4. TBI, TSCI and MSCs

4.1. MSC Therapy in Post-Traumatic Neurological Disorders

Stem cells are multipotent cells with the ability to differentiate into various cell types, as well as, to renew themselves [236]. Mesenchymal stem cells (MSCs), hematopoietic stem cells (HSCs), brain-derived neural stem cells (NSCs), embryonic stem cells (ESCs), and induced pluripotent stem cells (iPSCs), which are reprogrammed from somatic cells, represent major stem cell sources previously investigated for traumatic brain injury, spinal cord injury, neurodegenerative disease and stroke therapy [84,237,238,239,240,241,242,243,244,245,246,247,248,249] (Table 1).

The distinct properties of MSCs places them among the most looked-for cell sources. Therapy development based on these cell types is currently rapidly evolving in regenerative medicine. The simplicity with which MSCs can be obtained from various sources as well as their low immunogenicity and immunomodulatory abilities makes them available for transplantation in both auto- and allogeneic systems. There have been 125 clinical trials using MSCs to treat neurological diseases registered to date [247], and they are the most studied cell population in registered trials for TSCI (Table 1). These cells also proliferate quickly and have a high level of multilineage differentiation. Furthermore, MSCs retain their regenerative potential even after cryopreservation and have “homing properties”, allowing them to migrate toward the lesion site [250]. MSCs are principally found in bone marrow (BM-MSC), adipose tissue (AD-MSC), and peripheral blood. They can be obtained from the umbilical cord (UC-MSC), the umbilical cord blood (CB-MSC), the urine, the amnion, and the placenta, [251,252]; however, BM-MSCs were the first to be discovered and are thus the most studied type of MSC. They frequently serve as the gold standard and were initially used in the majority of clinical trials [76,253].

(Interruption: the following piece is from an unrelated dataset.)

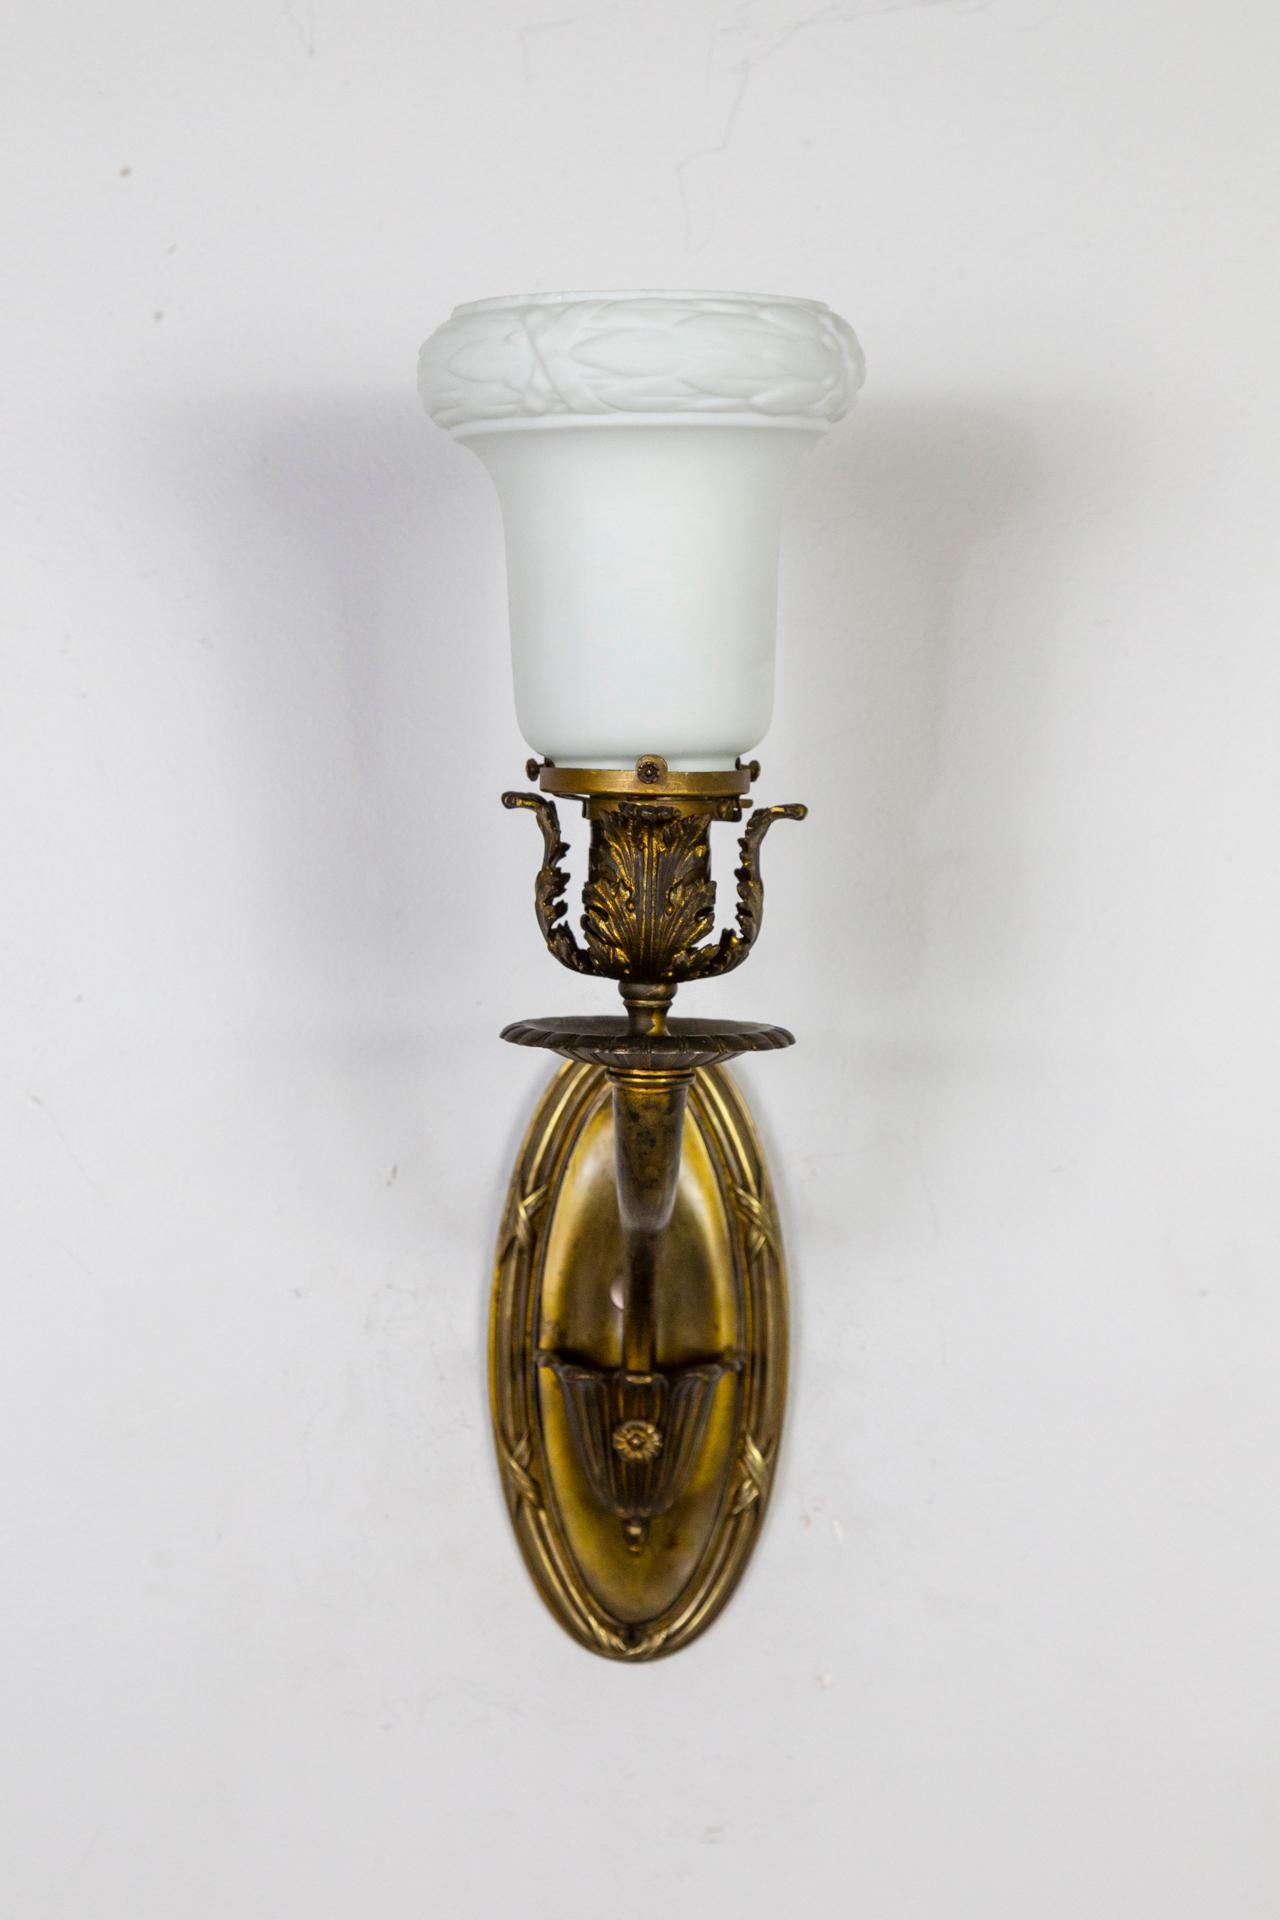 Belle Époque 19th Cent, Armed Sconces w/ Neoclassical Details & Milk Glass Shades, 'Pair' For Sale

BM-MSCs show the capacity for self-renewal and differentiate into muscle, bone, fat, cartilage and connective tissue in vivo [84]. Beyond that, their additional proposed ability to differentiate into diverse neural cell types led to their intensive application in clinical and preclinical trials of neurodegenerative diseases and trauma of the central nervous system [238,239,240,241,247,254,255,256,257,258,259]. Their primary function, however, is a modulating one in the case of TBI/TSCI. Therefore, BM-MSC treatment allows cell-specific differentiation [260] as well as the positive paracrine effect through cytokine release [254], resulting in the limitation of inflammatory secondary injury, promotion of neurogenesis and stimulation of neuronal progenitor cells maturing into neurons [261], all relevant for TSCI and TBI treatment.

Experimental results suggest a promising approach for clinical application of MSCs in TBI patients [245]. There have been a small number of clinical trials with MSC therapy for TBI to date. In TBI disorders, autologous BM-MSCs transplanted into the injured brain during cranial surgery had no negative effects [248]. The administration of autologous BM-MSCs via lumbar puncture to 97 patients with TBI in the subacute stage was also shown to be safe. Following MSC transplantation, approximately 40% of patients showed improved neurological function, in a non-controlled trial in patients with vegetative state after TBI [262]. Autologous BM-mononuclear cell delivery (containing BM-MSCs along with cells of hematopoietic and lymphocytic lineage) was observed to reduce neural cell loss, reduce neuroinflammation and improve clinical outcomes after TBI in adults and children in Phase I trials [263,264], while a phase I/IIa trial in adult TBI patients showed safety, however with only limited data on possible enhanced outcomes [265]. These studies may be limited by their design, as they used BM-mononuclear cells, which in addition to BM-MSCs also contain cells of hematopoietic and lymphocytic lineage [245,264,265]. For a brief summary of ongoing and completed clinical trials of stem-cell based therapies in TBI, we refer to a recent review [245] and Table 1.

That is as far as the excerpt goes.